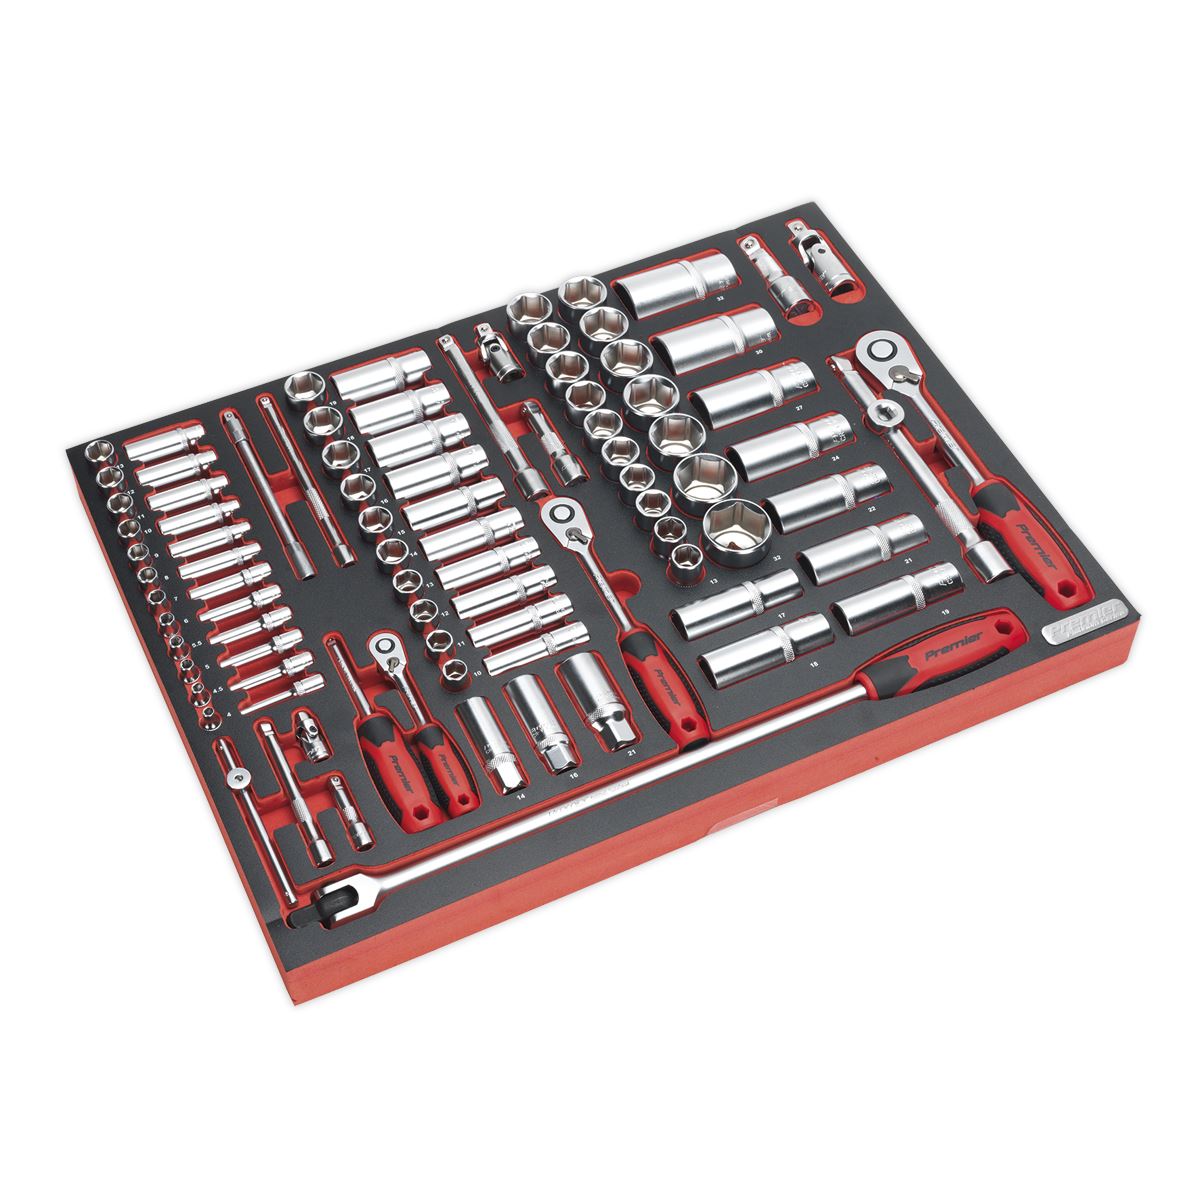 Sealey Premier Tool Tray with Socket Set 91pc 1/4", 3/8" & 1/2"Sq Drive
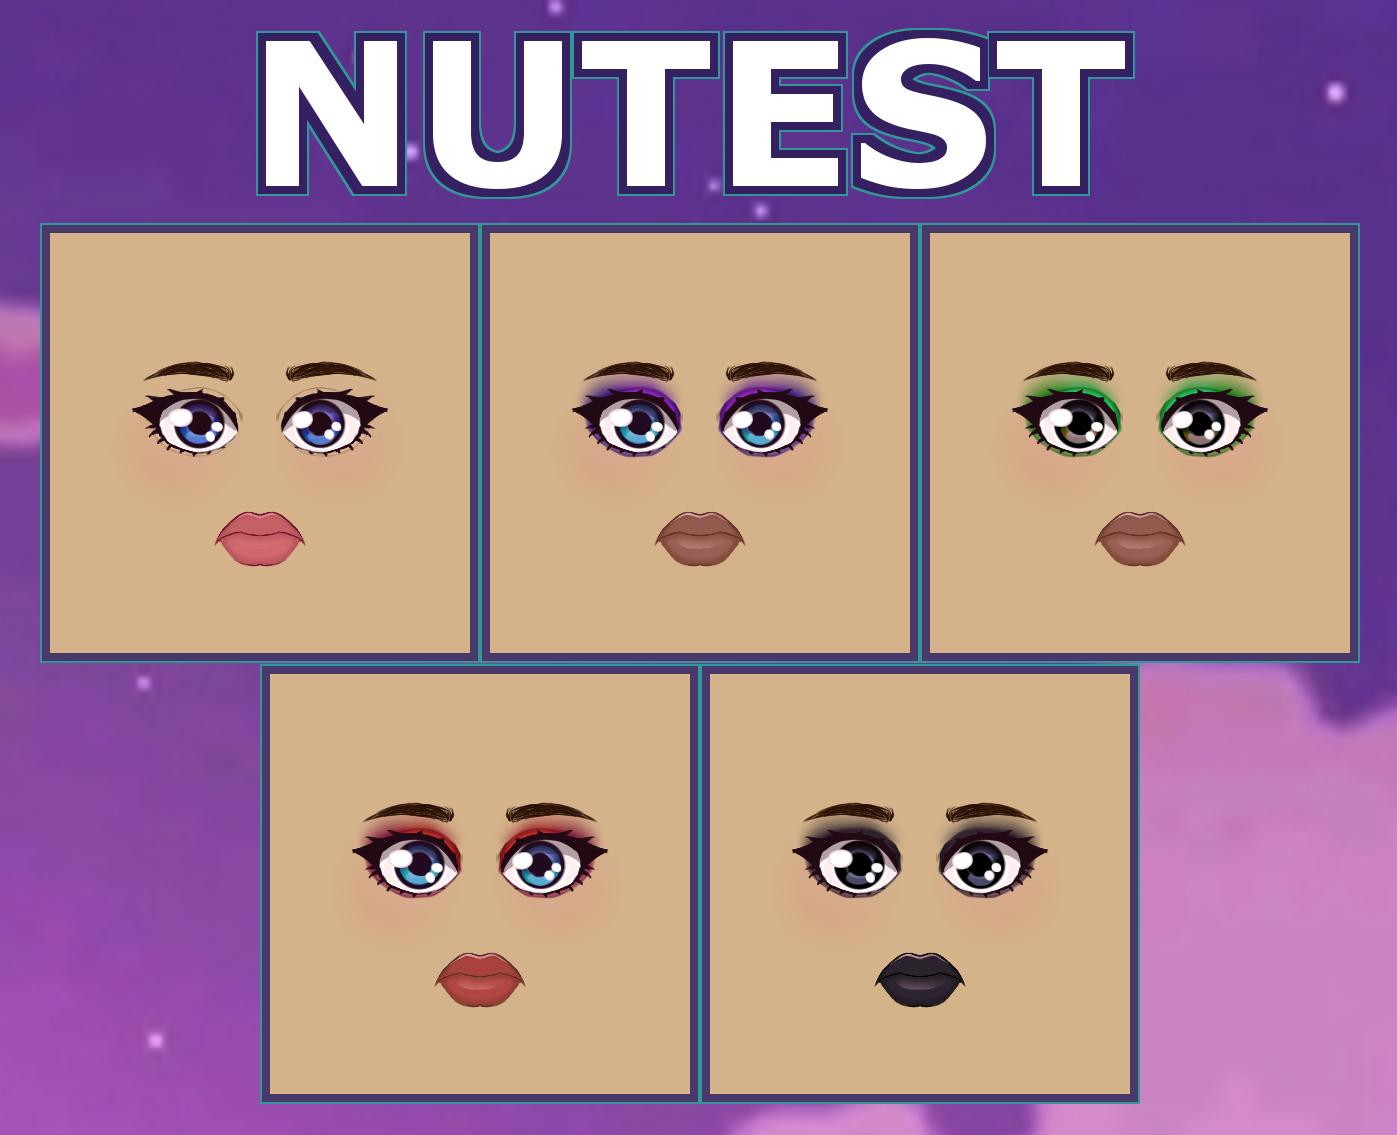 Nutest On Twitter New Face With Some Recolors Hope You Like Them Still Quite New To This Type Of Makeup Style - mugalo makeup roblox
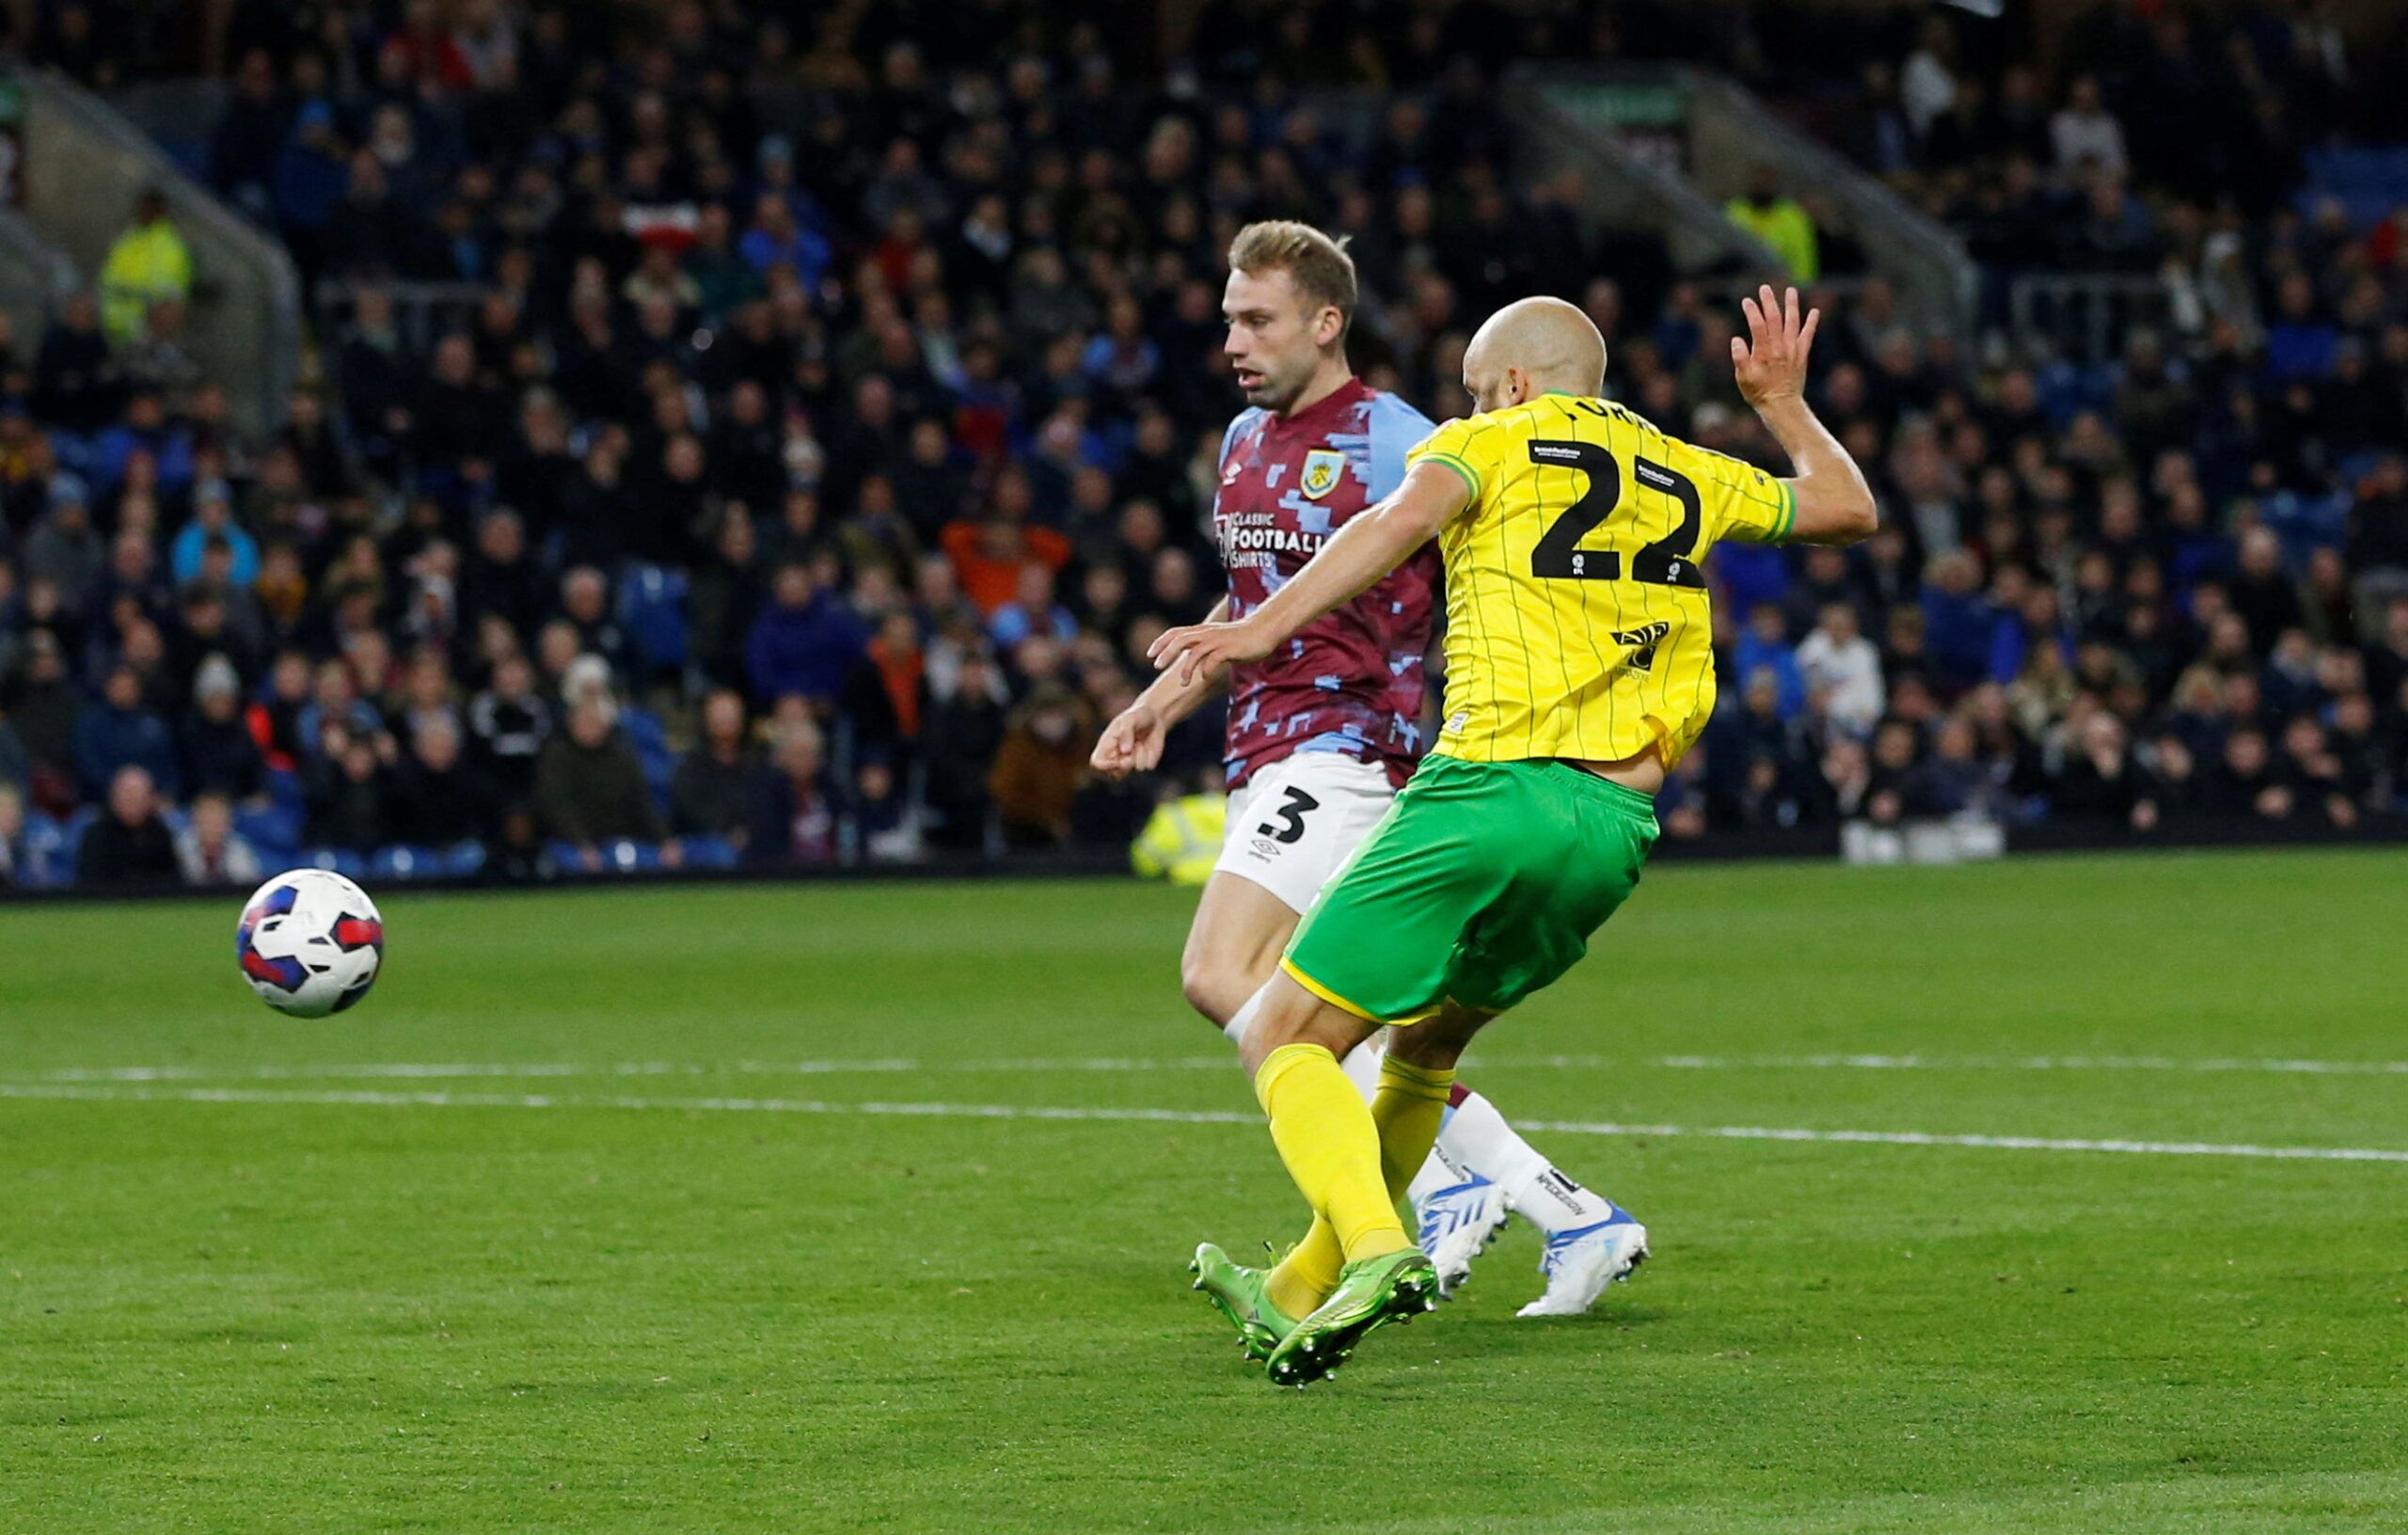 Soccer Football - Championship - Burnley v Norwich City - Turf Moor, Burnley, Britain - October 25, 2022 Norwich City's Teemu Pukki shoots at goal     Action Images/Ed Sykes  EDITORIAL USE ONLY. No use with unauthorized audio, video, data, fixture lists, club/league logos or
^^^^^^^^^^^^^^^^
▸ WHAT YOU SHOULD DO
Starting with the first line of the material, print each line exactly until you have printed the line with "Nutest On Twitter", and skip the pictures.

▸ RESPONSE
 Sealey Premier Tool Tray with Socket Set 91pc 1/4", 3/8" & 1/2"Sq Drive
 Nutest On Twitter New Face With Some Recolors Hope You Like Them Still Quite New To This Type Of Makeup Style - mugalo makeup roblox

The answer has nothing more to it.